— DATA FOR REVIEW —
_ _ _ _ _

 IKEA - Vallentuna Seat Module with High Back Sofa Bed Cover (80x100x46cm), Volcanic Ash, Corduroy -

_ _ _ _ _

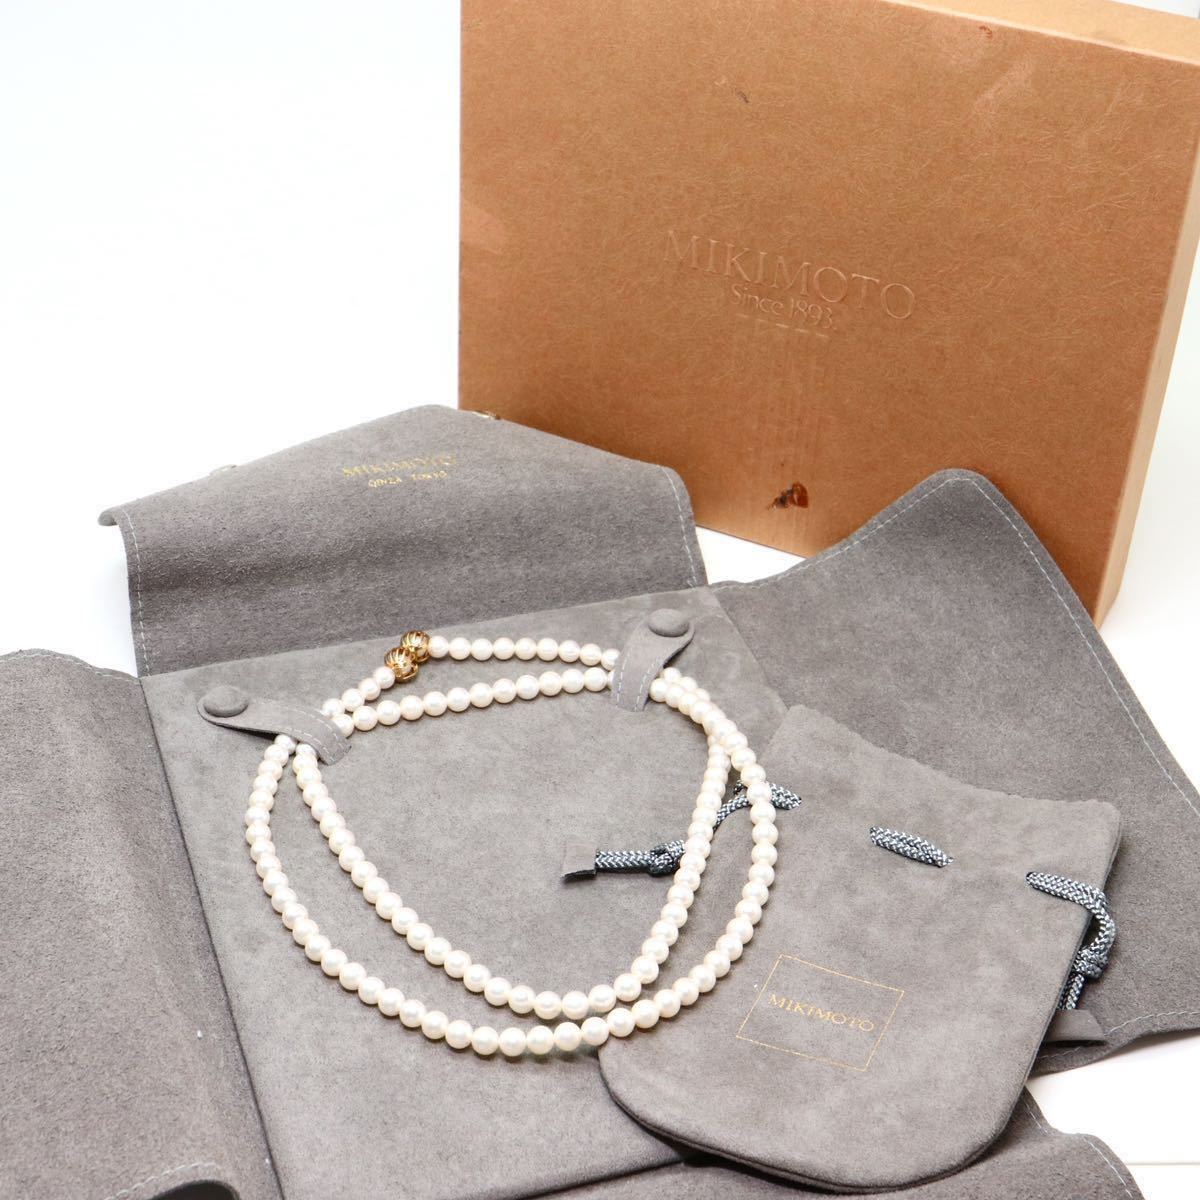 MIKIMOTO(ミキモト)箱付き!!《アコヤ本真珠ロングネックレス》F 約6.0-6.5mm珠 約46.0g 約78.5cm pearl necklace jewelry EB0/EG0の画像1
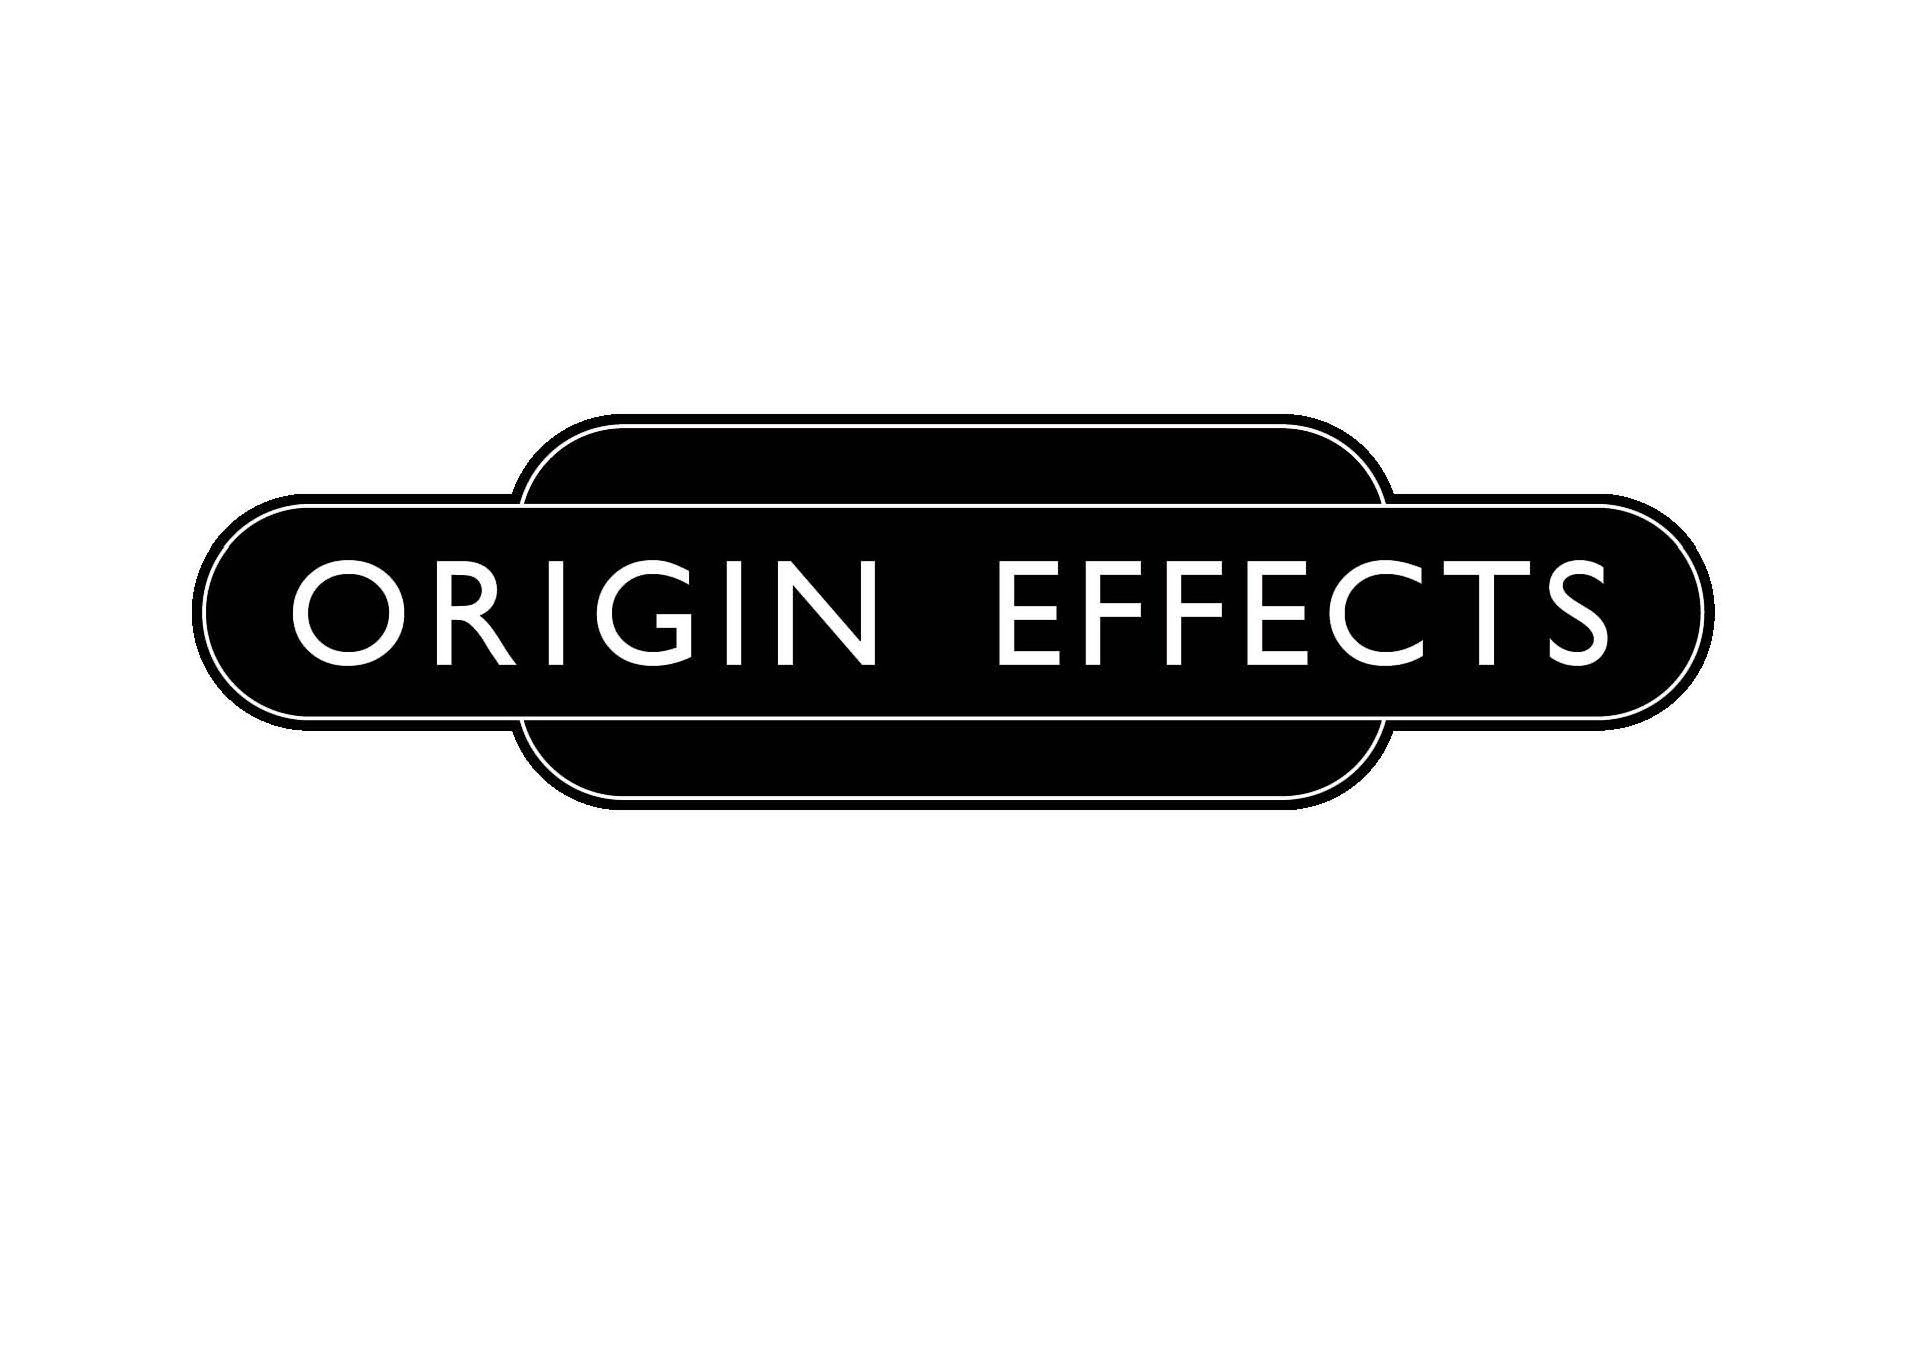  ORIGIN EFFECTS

_ _ _ _ _

Using the records above, return word for word the lines that begin at the one containing "MIKIMOTO(ミキモト)箱付き!!《アコヤ本真珠ロングネックレス》F 約6.0-6.5mm珠 約46.0g" and end at the one containing "ORIGIN EFFECTS", both of them included and no pictures.

— RESULT OF THE EXERCISE —
 MIKIMOTO(ミキモト)箱付き!!《アコヤ本真珠ロングネックレス》F 約6.0-6.5mm珠 約46.0g 約78.5cm pearl necklace jewelry EB0/EG0の画像1
  ORIGIN EFFECTS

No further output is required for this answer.